» **TASK**
Will you output all of the data below exactly, omitting the images?

##### SUPPLIED MATERIAL #####

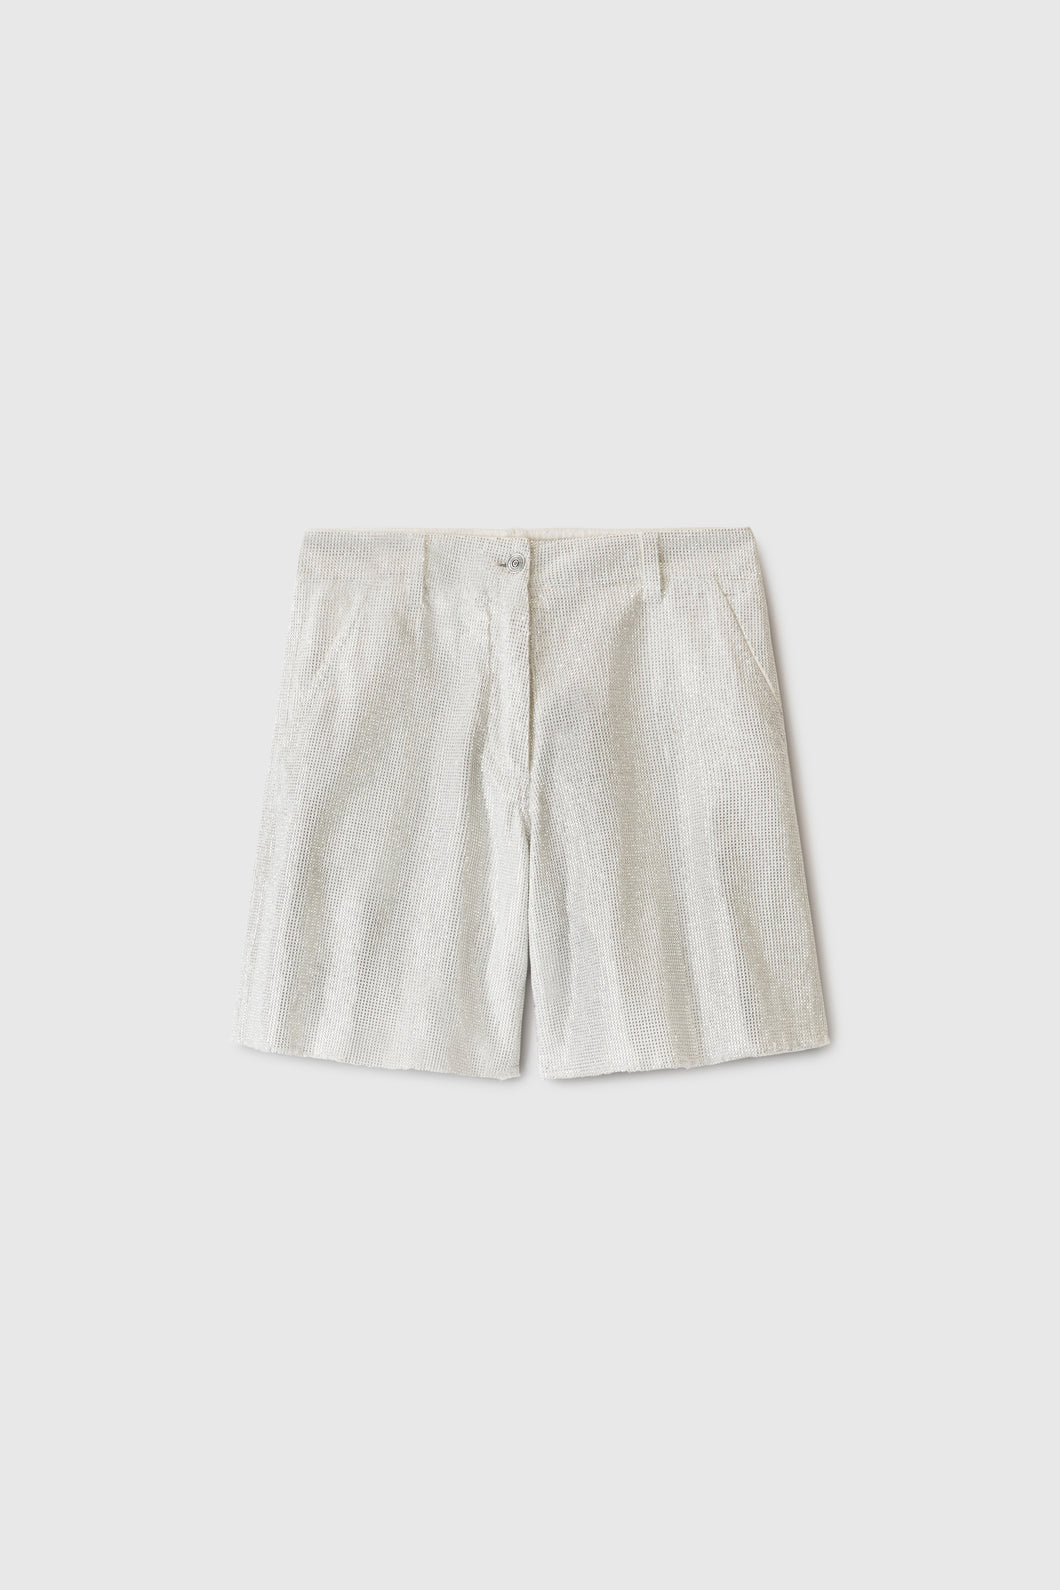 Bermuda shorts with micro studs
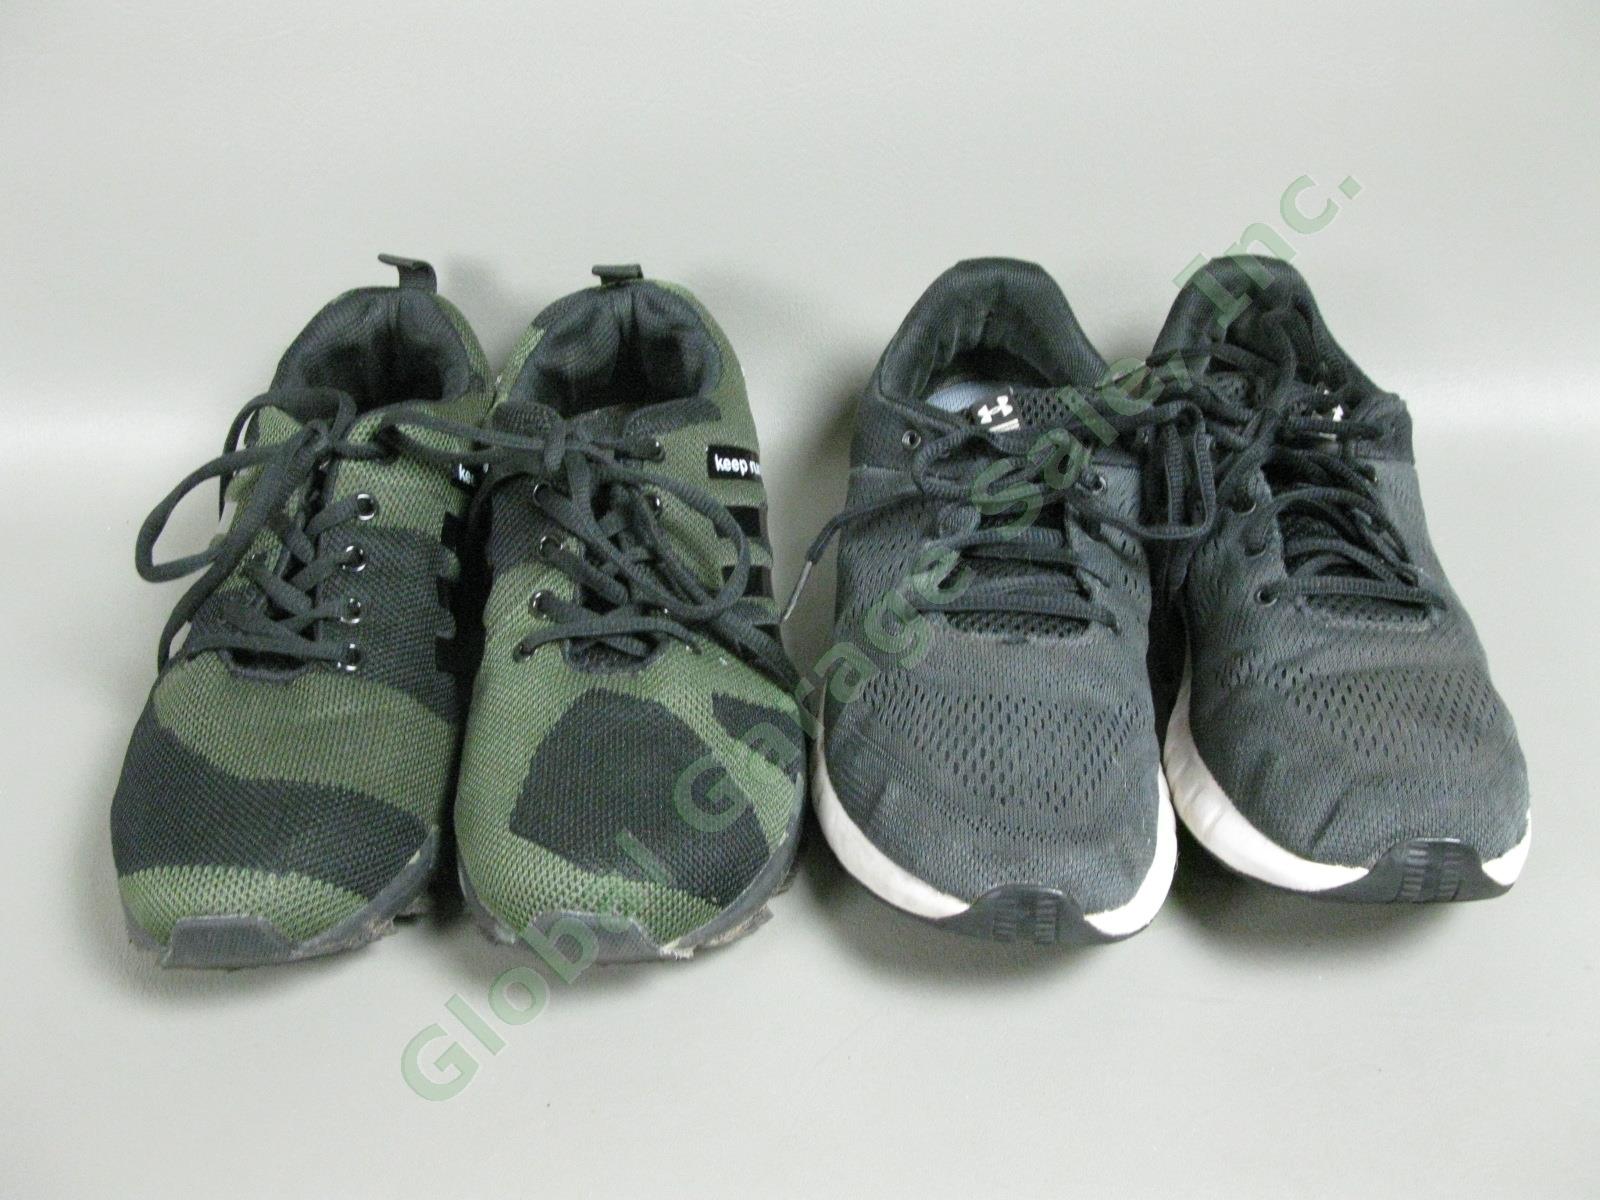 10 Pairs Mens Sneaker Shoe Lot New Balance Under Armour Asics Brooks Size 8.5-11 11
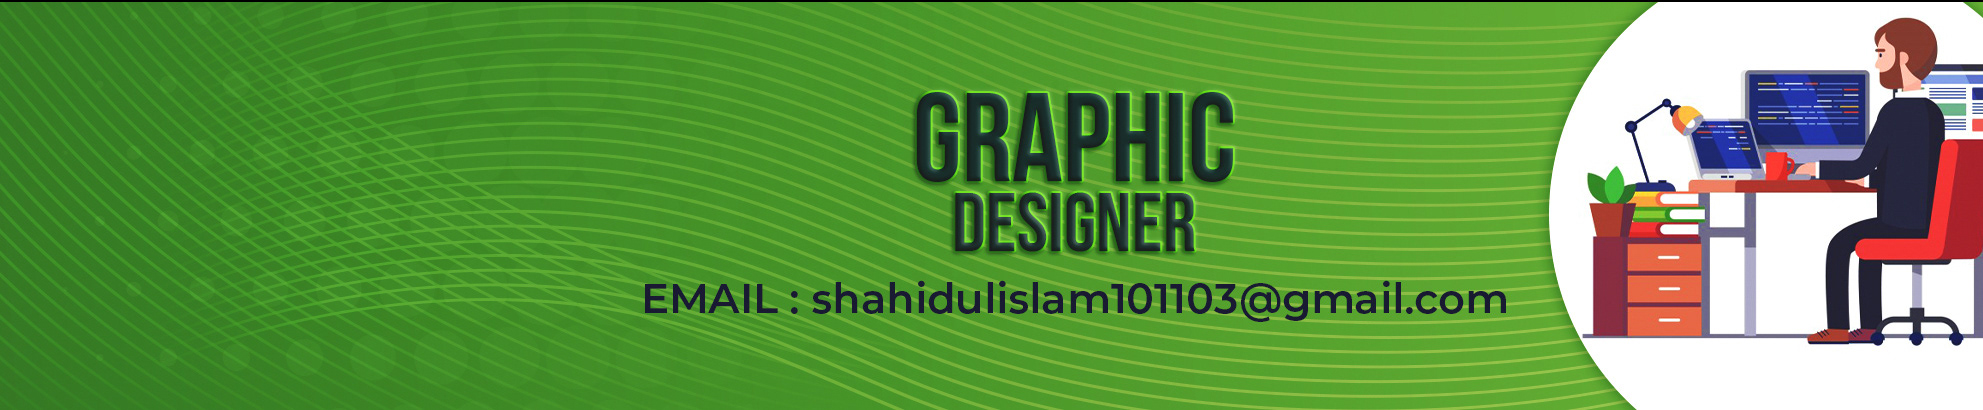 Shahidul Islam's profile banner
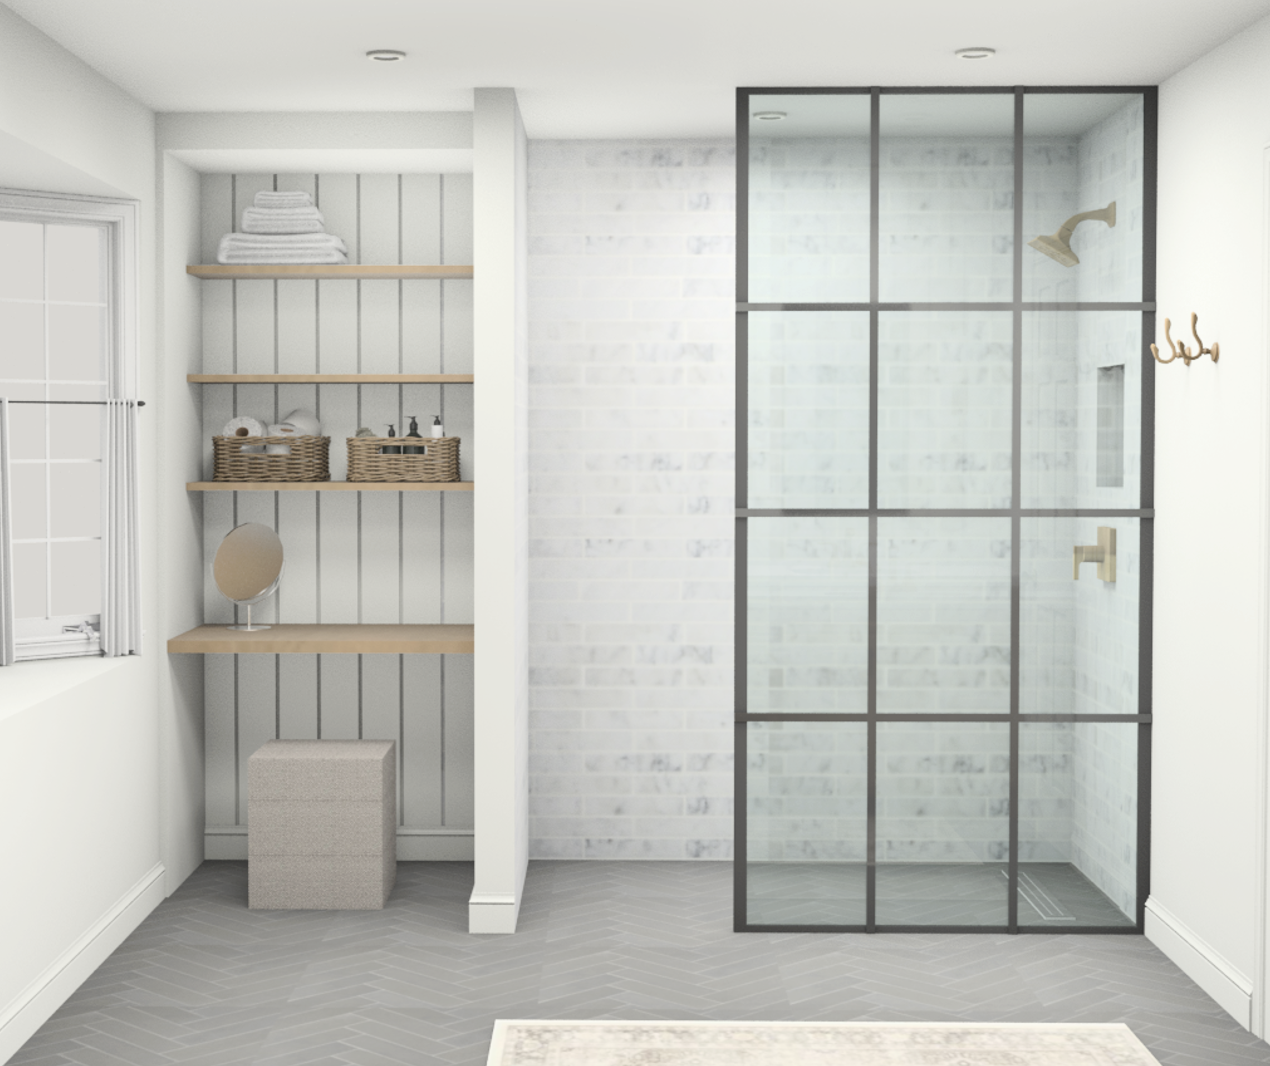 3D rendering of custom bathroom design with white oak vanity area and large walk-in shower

#####

» **ANSWER FOR THIS EXERCISE**
 Bermuda shorts with micro studs
 10 Pairs Mens Sneaker Shoe Lot New Balance Under Armour Asics Brooks Size 8.5-11 11
 Shahidul Islam's profile banner
 3D rendering of custom bathroom design with white oak vanity area and large walk-in shower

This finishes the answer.